1. The problem statement, all variables and given/known data
Tungsten wire has an emissivity of 0.35. A tungsten filament in a light bulb can be considered to emit light only from the sides of the filament (consider it a cylinder... they are usually wire "cylinders" wrapped into coils.). If the operating temperature of the filament of a small 18W light bulb is 2800 K and the diameter of the filament is 0.25 mm, then what is the length of the coil (in cm)? Assume the inside of the light bulb is under vaccuum, and that the ends of the filament do not contribute any heat radiation, since they are attached to the circuit...and assume other energy loss in the circuit is negligible.

2. Relevant equations

I will be using & to represent delta as I am unsure how change in is represented on keyboard.

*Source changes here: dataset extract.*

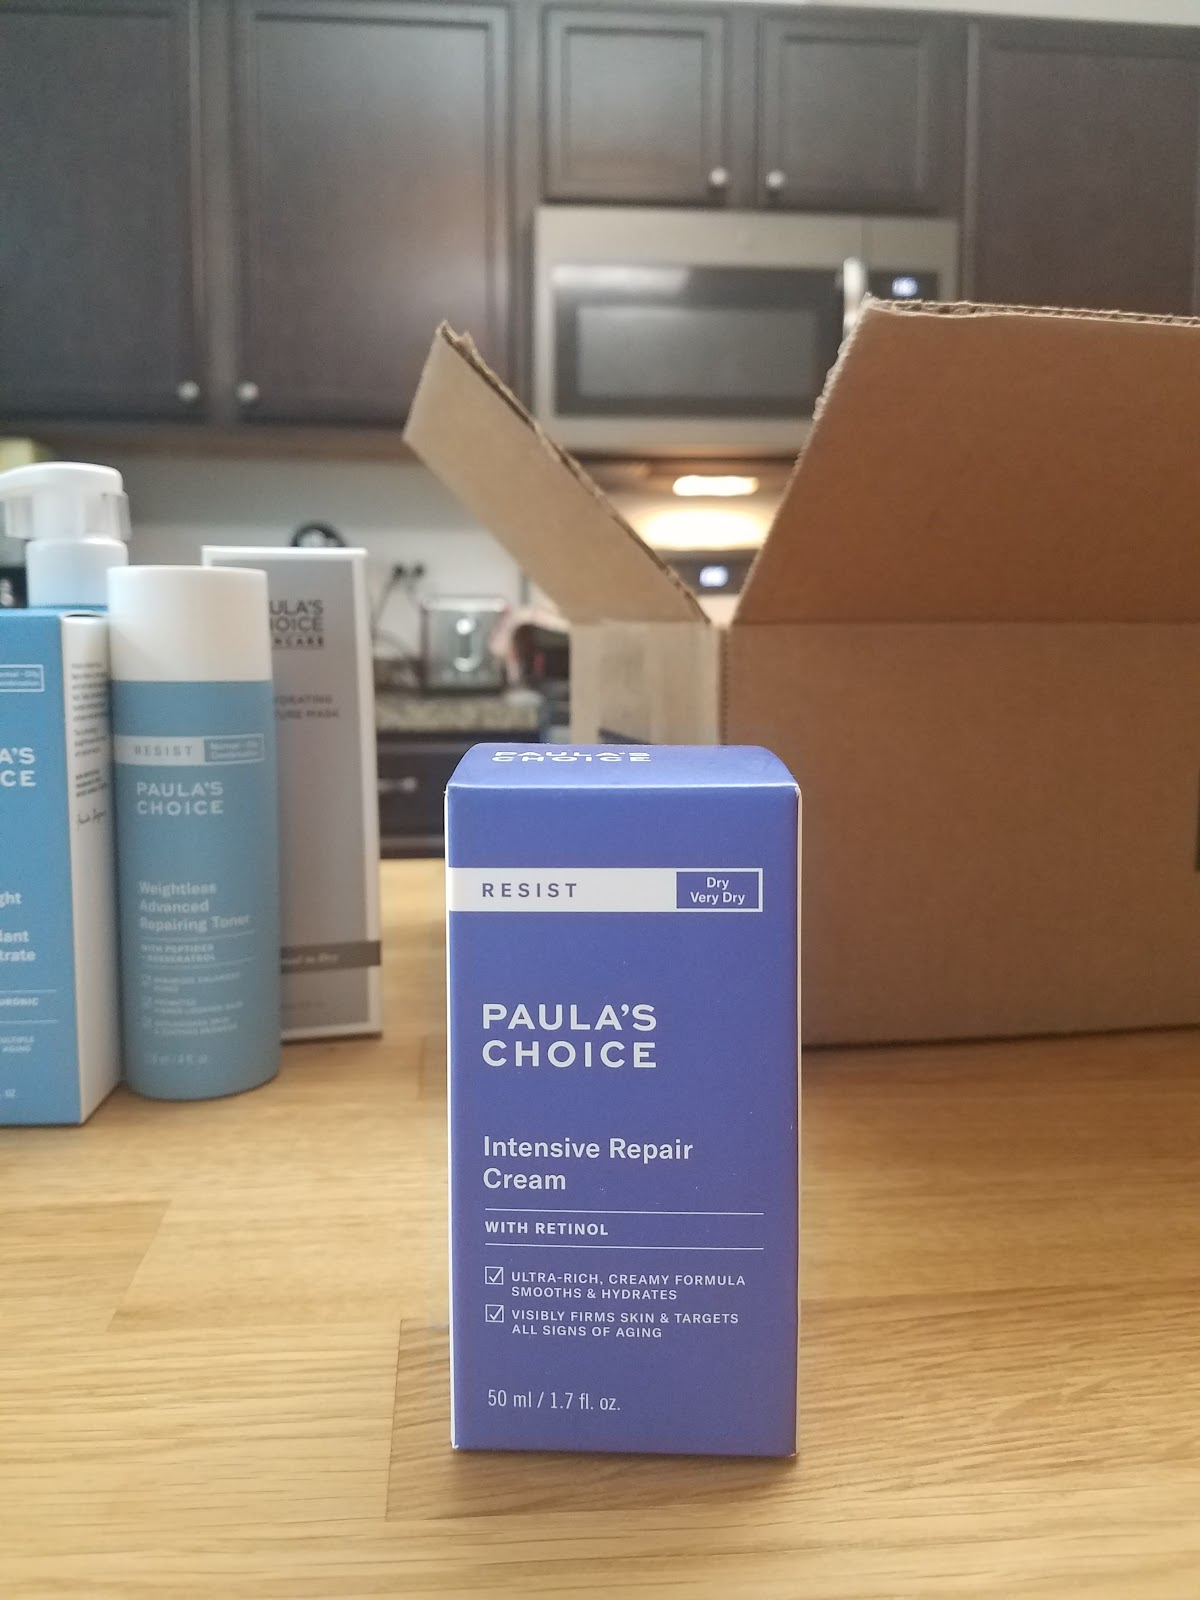 Paula's Choice Intensive Repair Cream
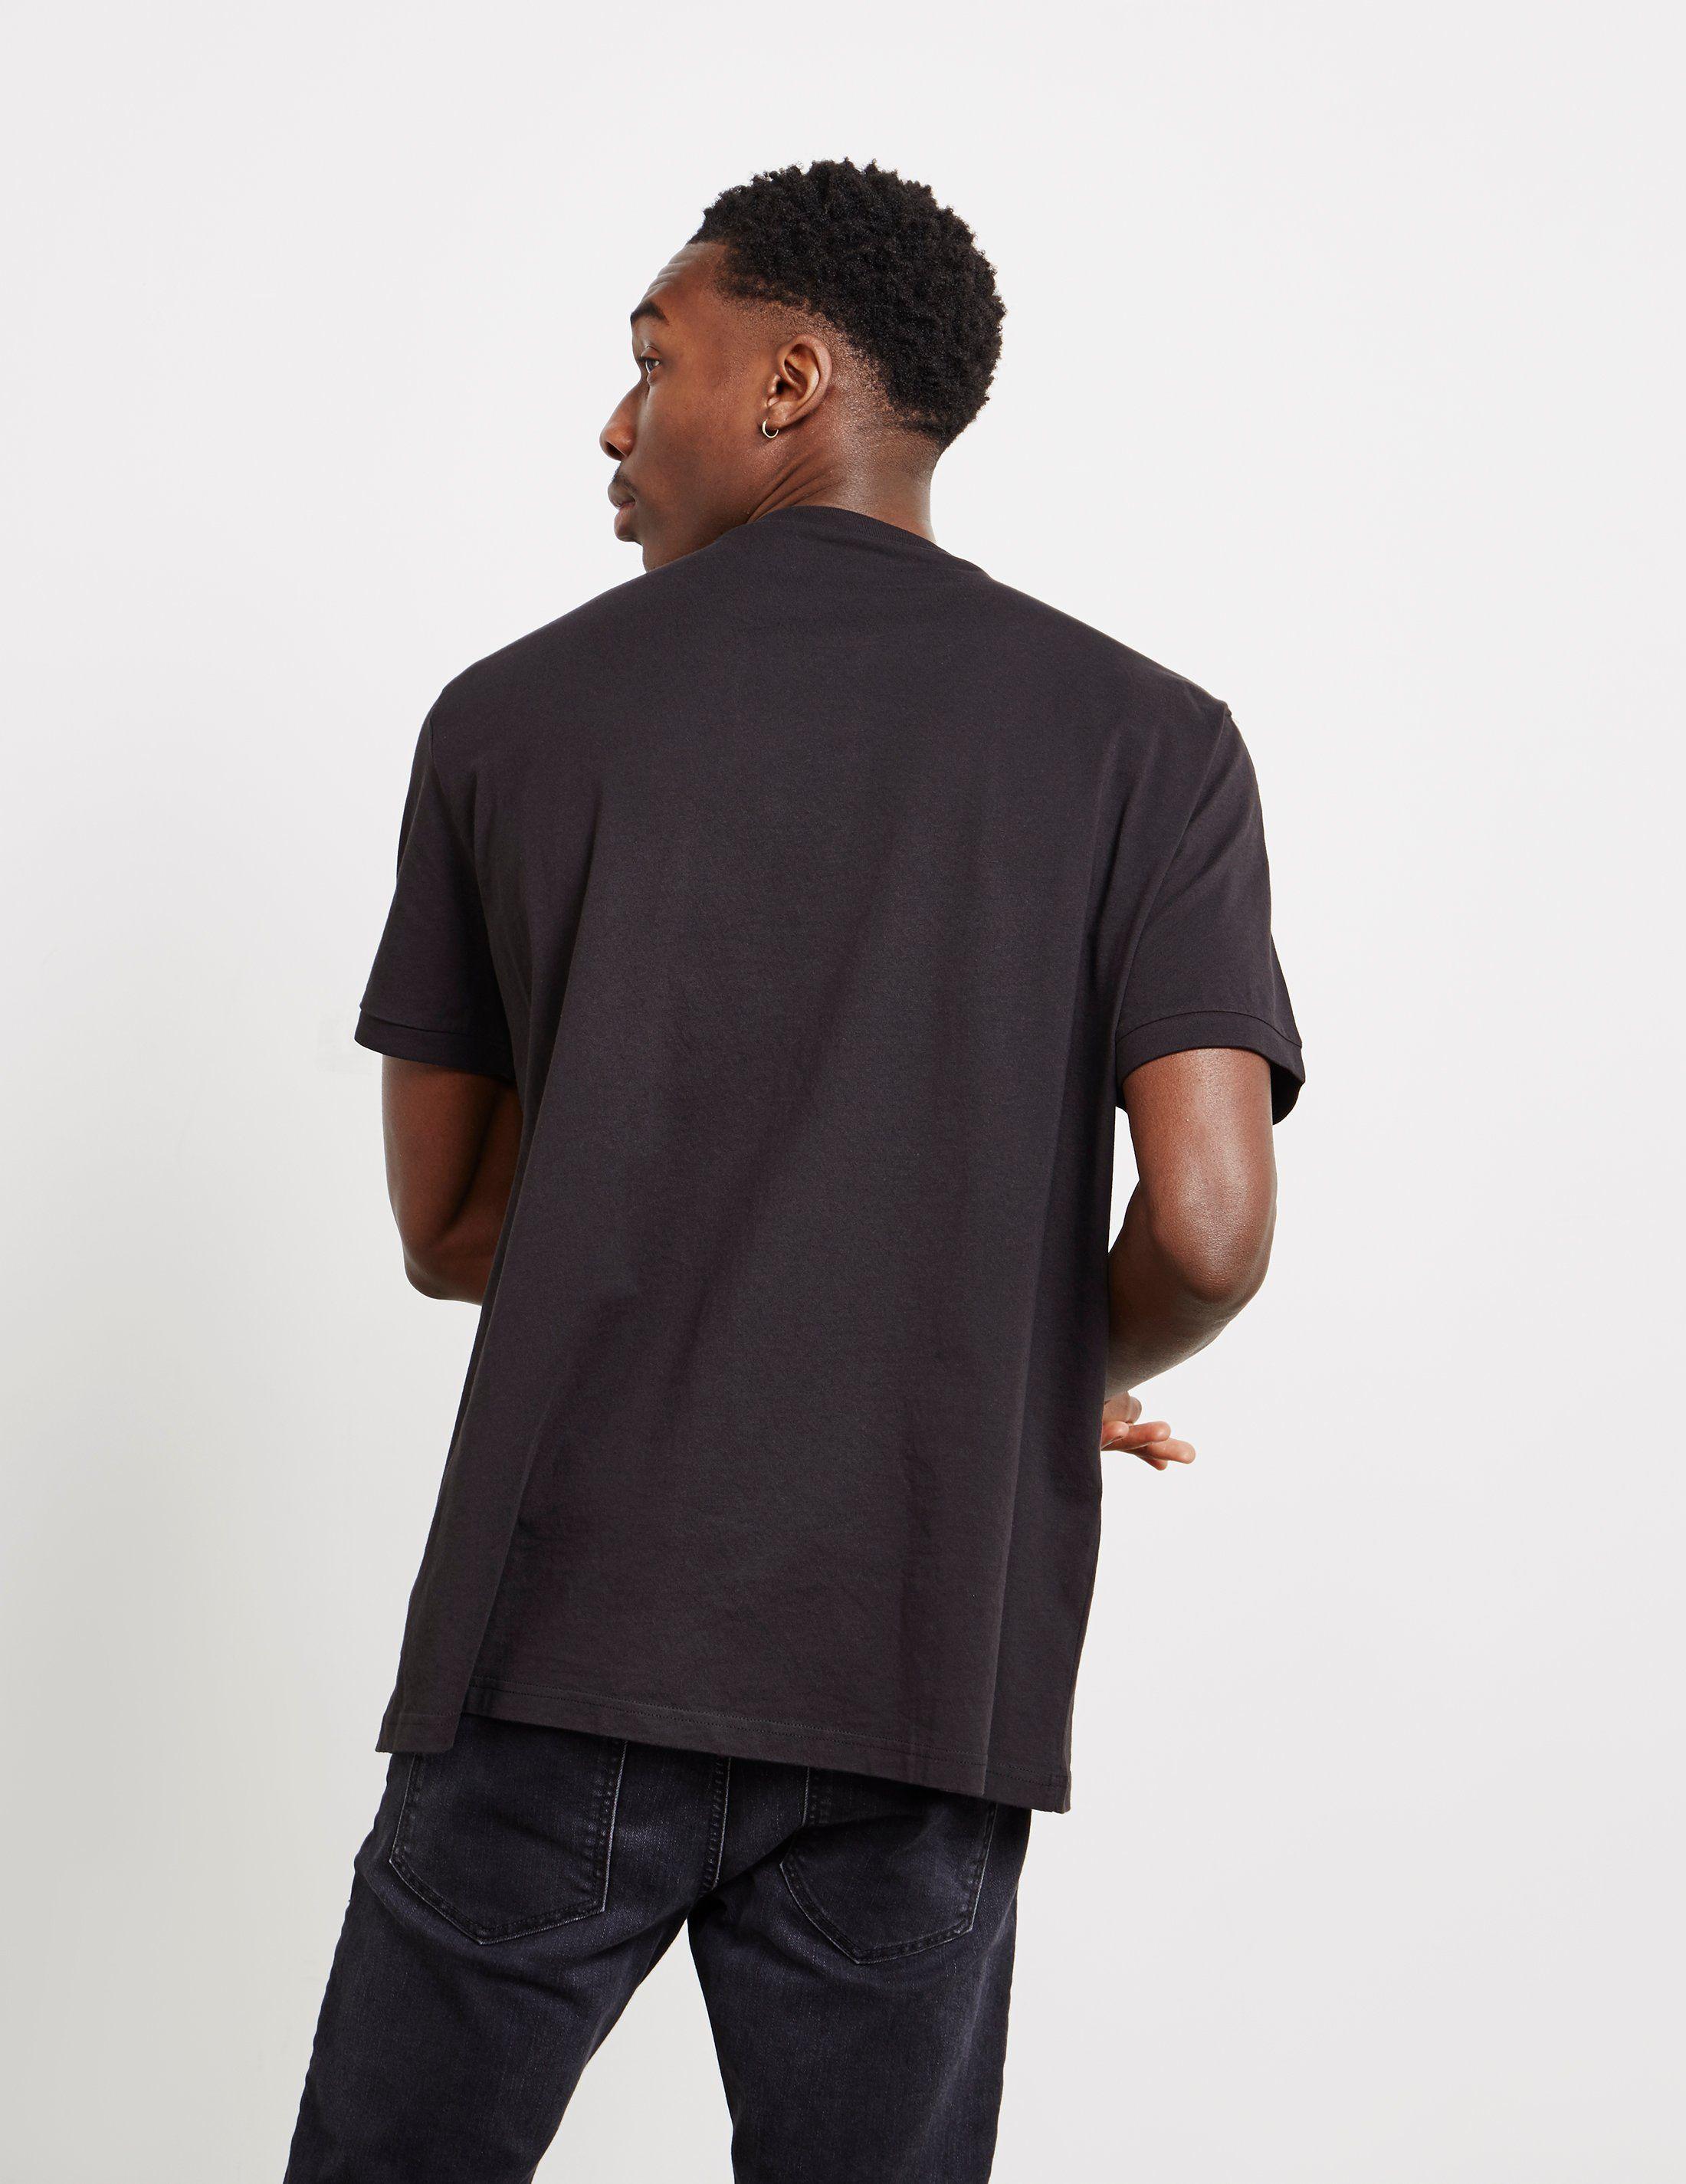 Vivienne Westwood Orb Oversized Short Sleeve T-Shirt

&Q/&t = ekAT^4 where k is the Stefan-Boltzmann constant and = 5.67 x 10^-8 W/m^2K^4

3. The attempt at a solution

I plugged in 18W as the rate of change of heat per time, and the provided emissivity for e

Plugged 2800 K in for change in temperature.

So:

18W= (0.35)*(5.67 x 10^-8 W/m^2K^4
)*A*(2800^4 K)

Solved A= 1.48x10^-5

Then used A=(pi)r^2h,

And solved h= 0.30 cm

I have been struggling with this problem and am not sure if this is right. I would appreciate it if someone would review my work.

Thank-you.

Edit: I realized I was using the wrong formula. Changed.

Last edited: Oct 29, 2007
2. Oct 30, 2007

rl.bhat

Check the calculation.
h = 1.48x10^-5/pix(0.125x10^-3)^2